#### [Prompt]
Each record should reappear exactly in your answer, minus any picture.

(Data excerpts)
+ + + + + + +

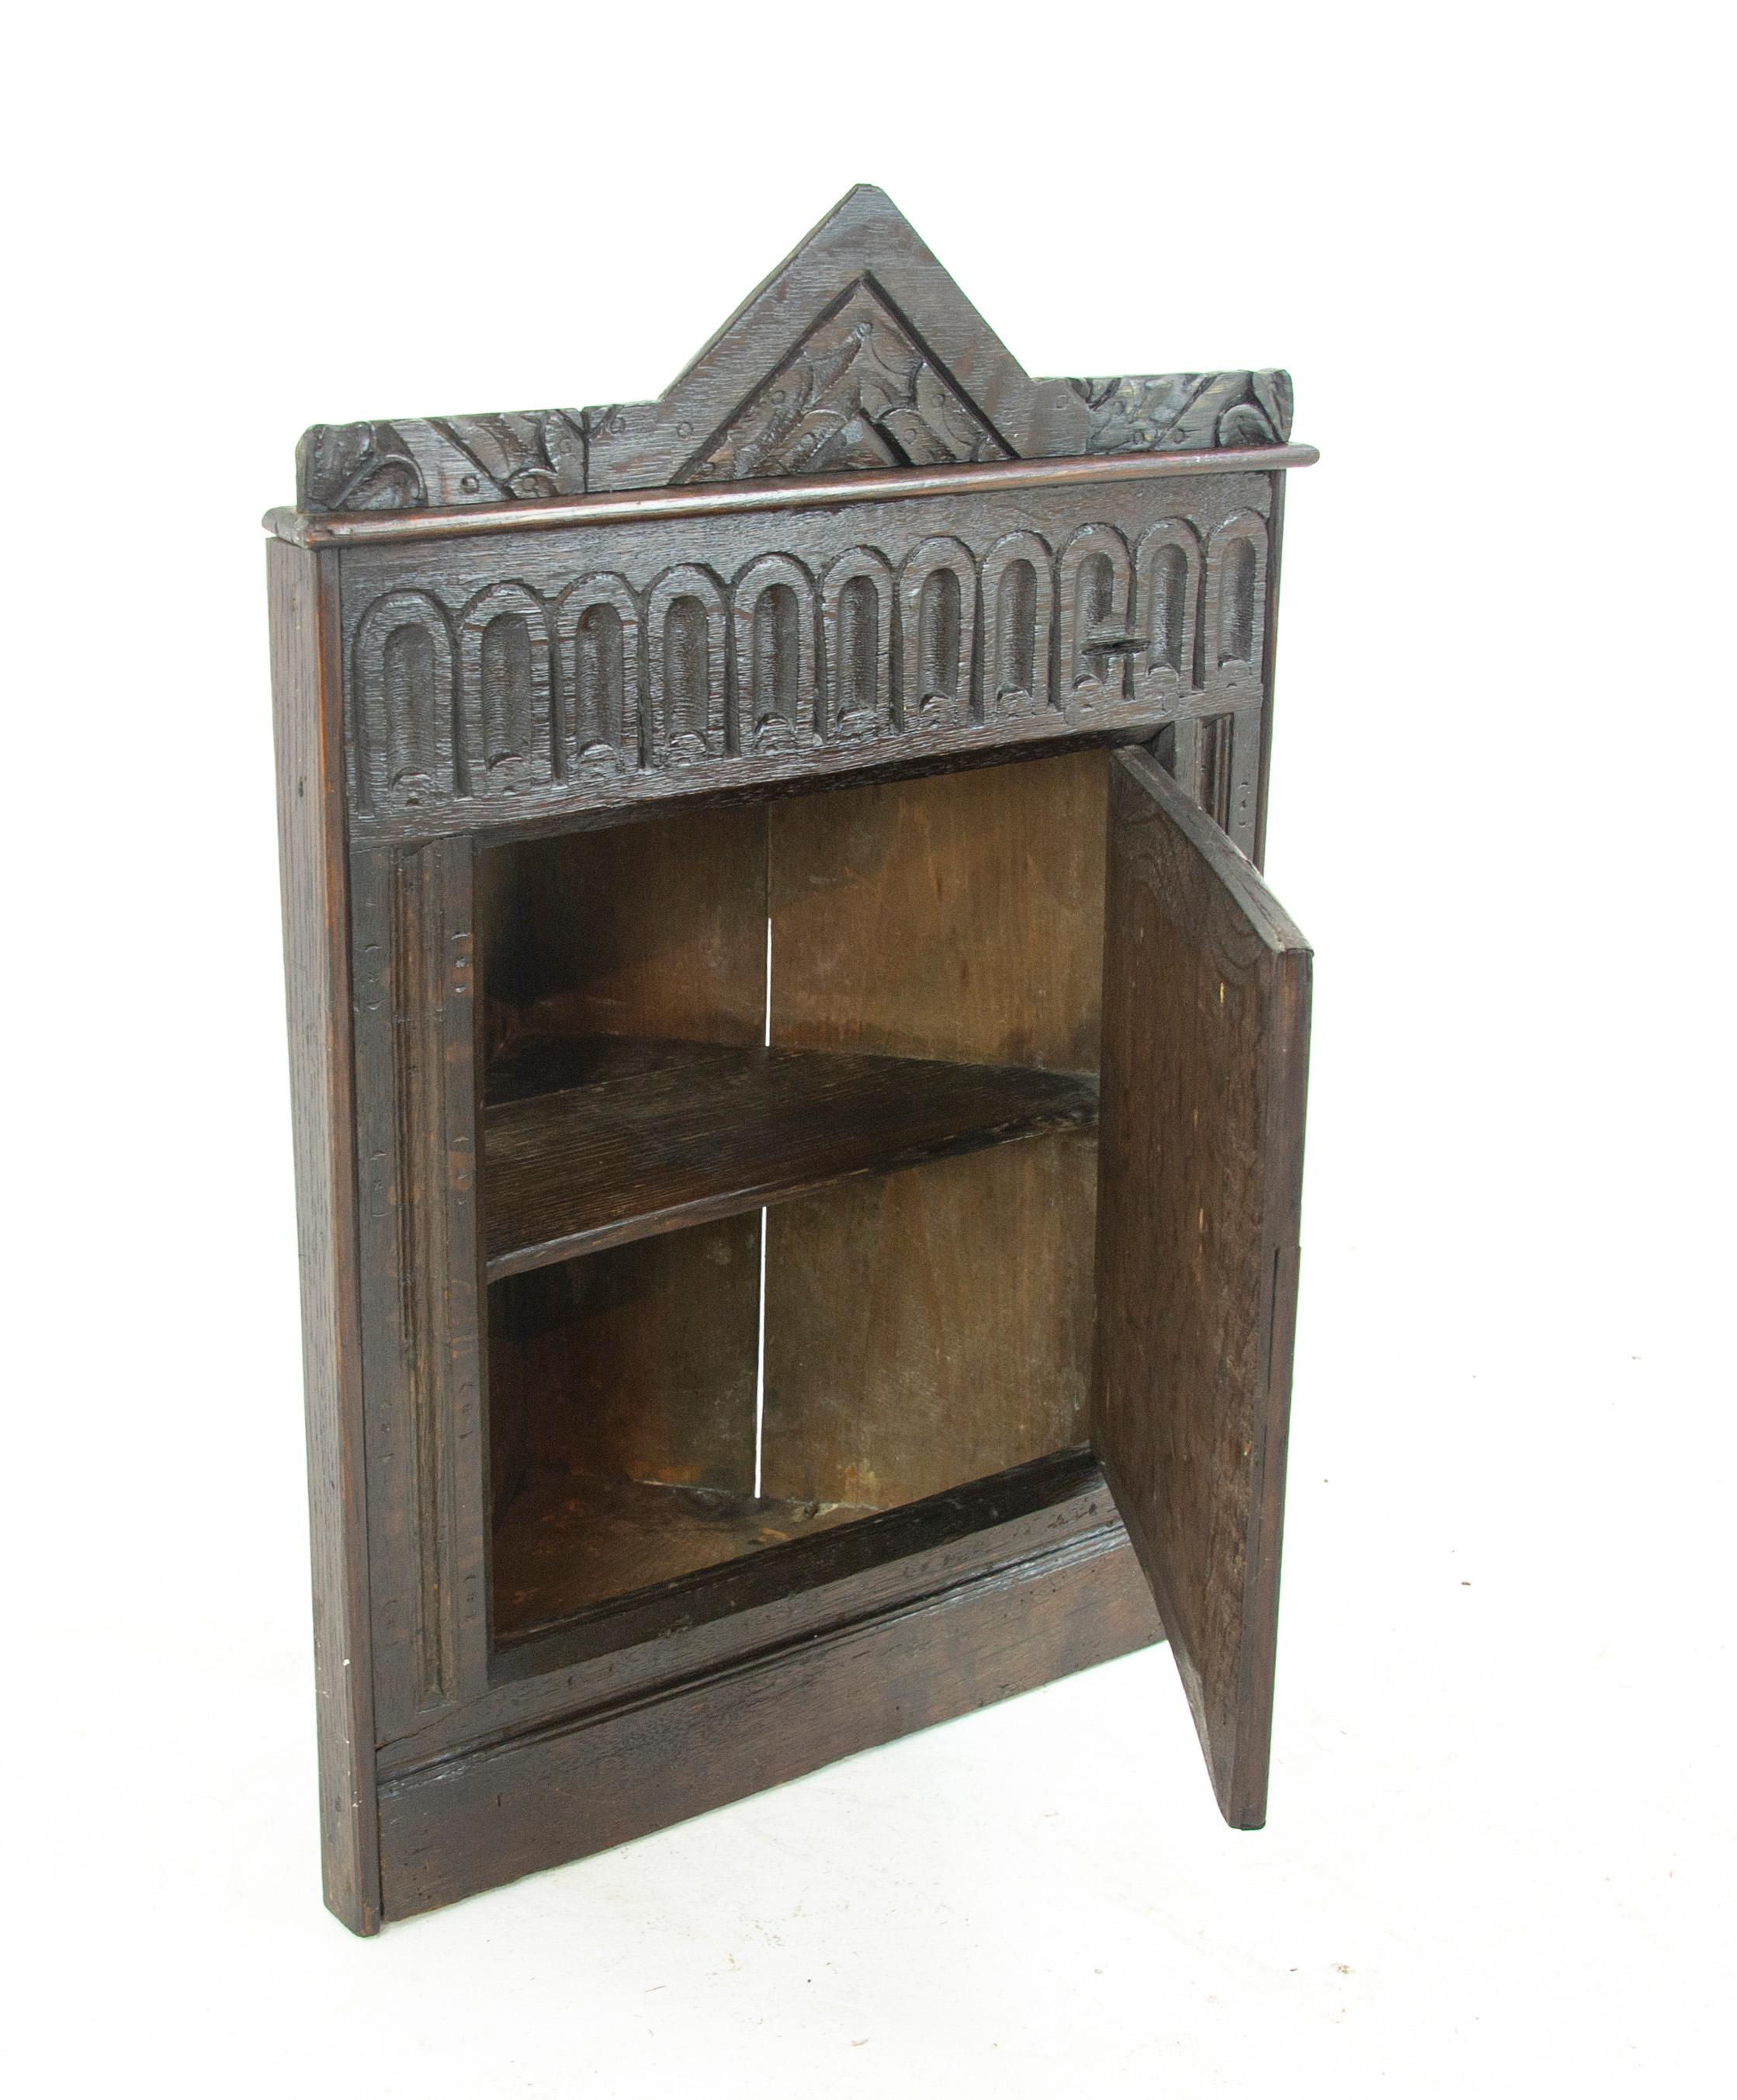 Antique corner cabinet, Victorian hanging wall cabinet, entryway furniture, Scotland 1860, Antique Furniture, B1472

Scotland 1860
Solid oak construction
Carved pediment above
Single carved door below
Fitted interior with single shelf
All original

+ + + + + + +

#### [Answer area]
 Antique corner cabinet, Victorian hanging wall cabinet, entryway furniture, Scotland 1860, Antique Furniture, B1472

Scotland 1860
Solid oak construction
Carved pediment above
Single carved door below
Fitted interior with single shelf
All original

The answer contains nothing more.